DATA PROVIDED:
•••••

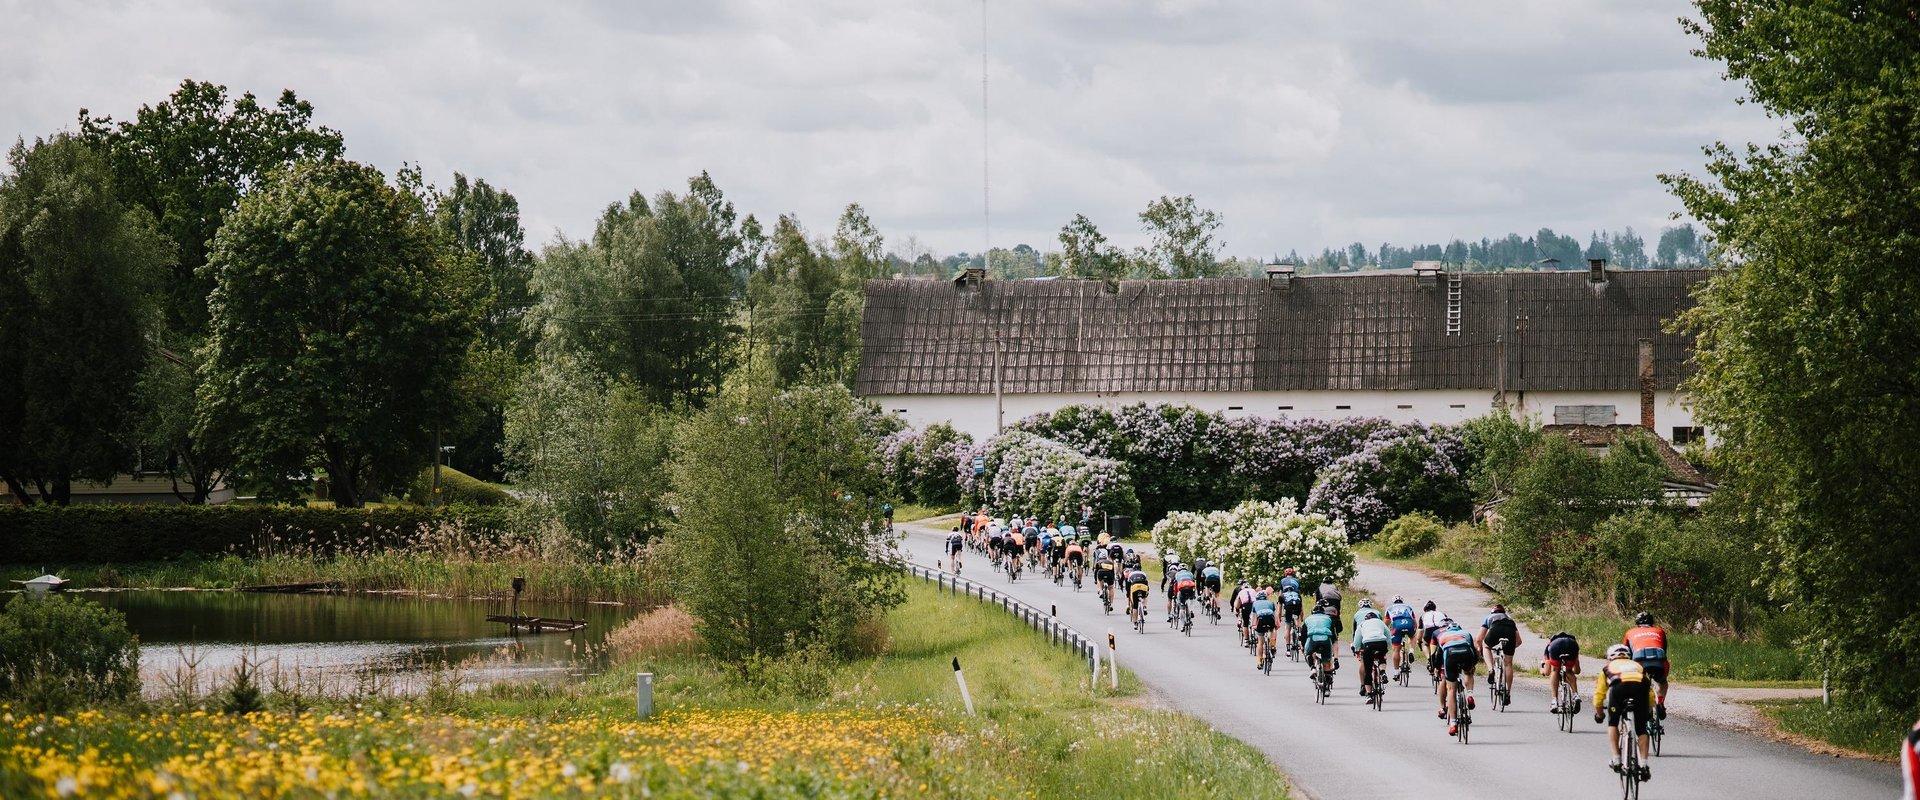 Am letzten Wochenende im Mai wird aus Tartu ein wirkliches Mekka für Radfahrer – es findet die Tartuer Fahrrad-Rallye mit ihrer würdigen Geschichte st
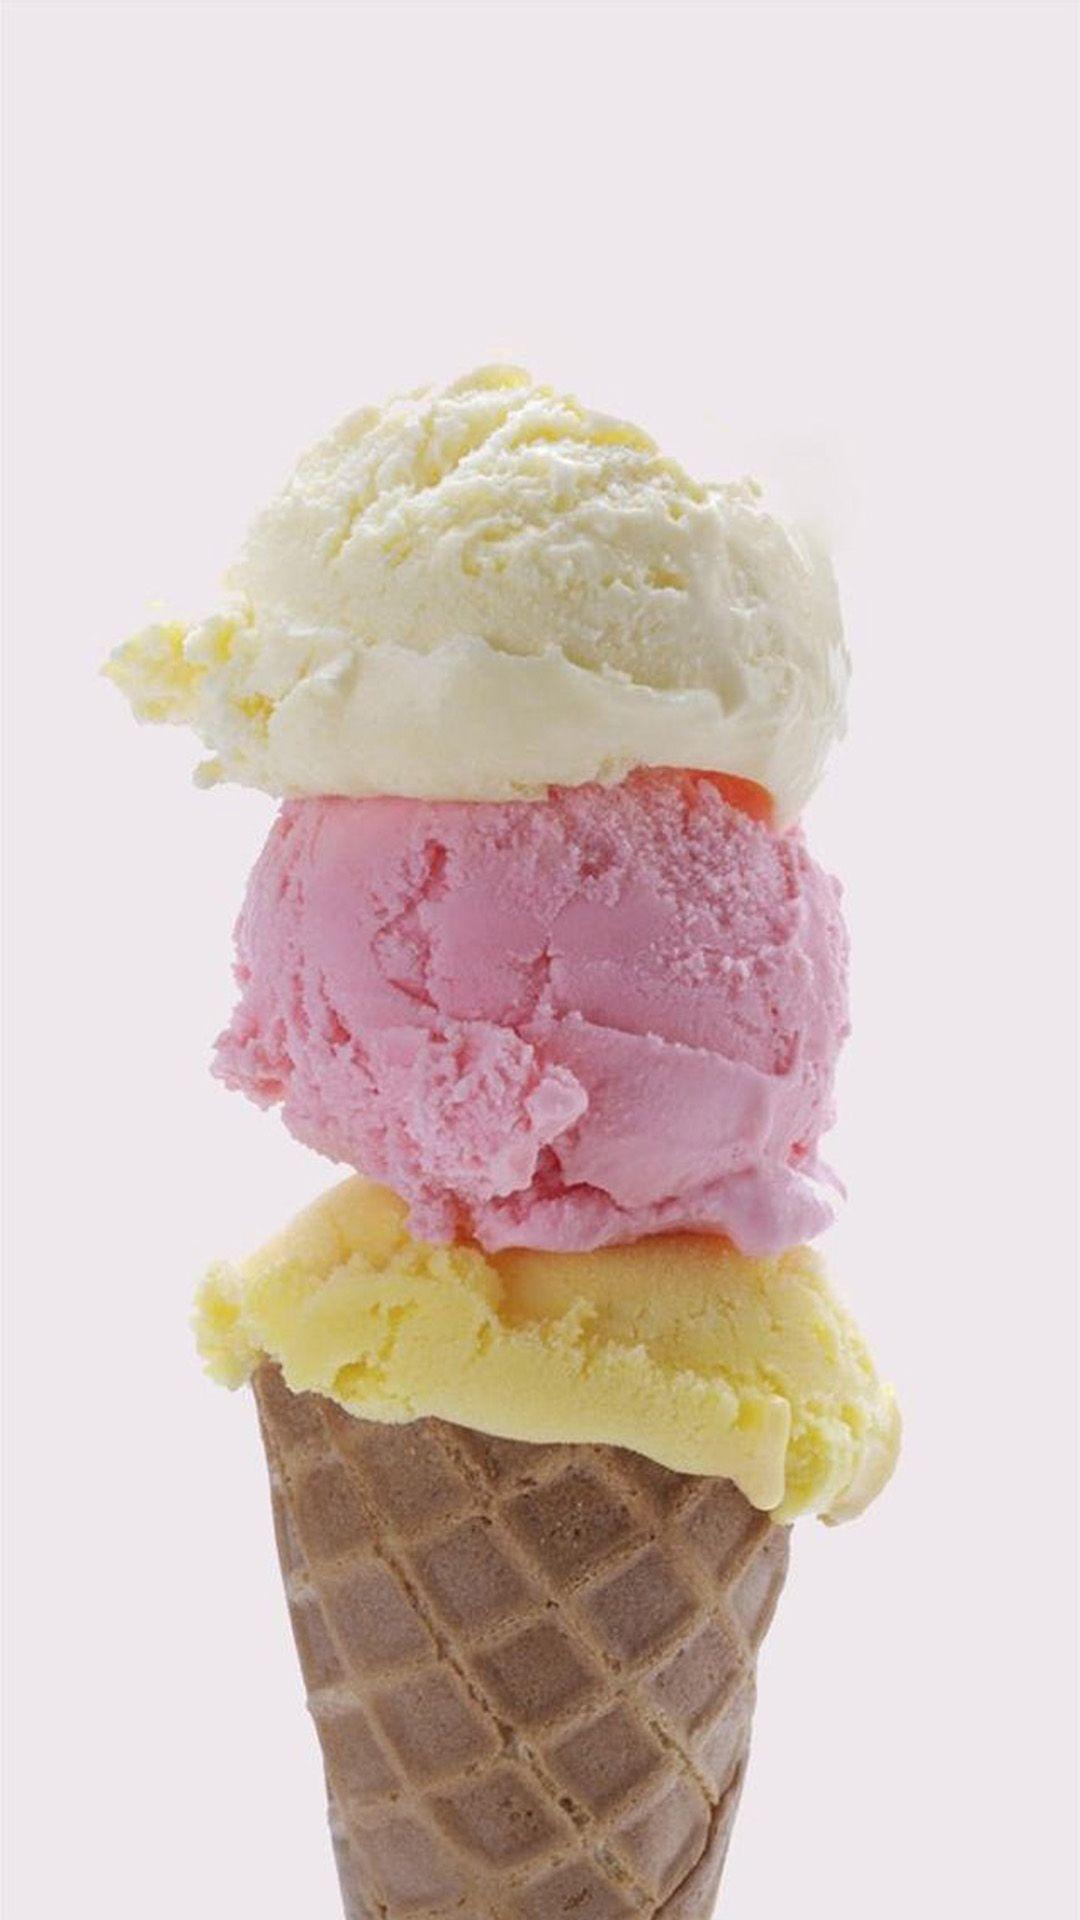 Ice Cream Cone IPhone Wallpaper. Ice Cream Wallpaper Iphone, Ice Cream Wallpaper, Summer Ice Cream
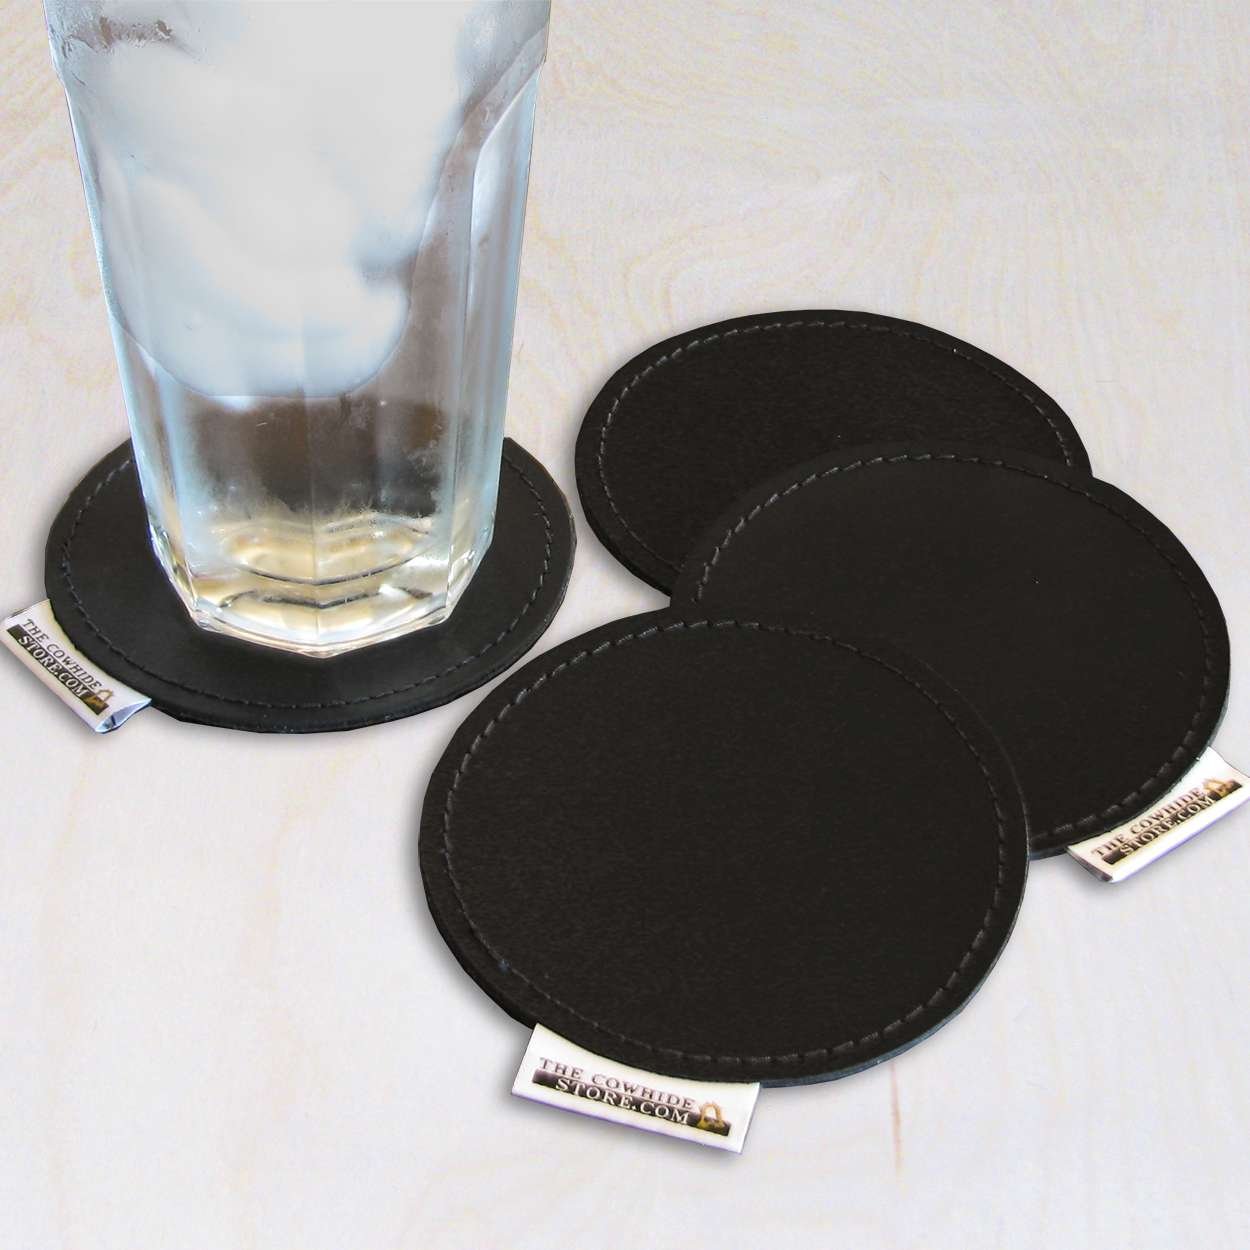 Genuine Black Leather Coasters - Set of 4

•••••

TASK:
Please retype the whole listing above word for word and drop the pictures.

OUTPUT FOR THIS TASK:
 Am letzten Wochenende im Mai wird aus Tartu ein wirkliches Mekka für Radfahrer – es findet die Tartuer Fahrrad-Rallye mit ihrer würdigen Geschichte st
 Ice Cream Cone IPhone Wallpaper. Ice Cream Wallpaper Iphone, Ice Cream Wallpaper, Summer Ice Cream
 Genuine Black Leather Coasters - Set of 4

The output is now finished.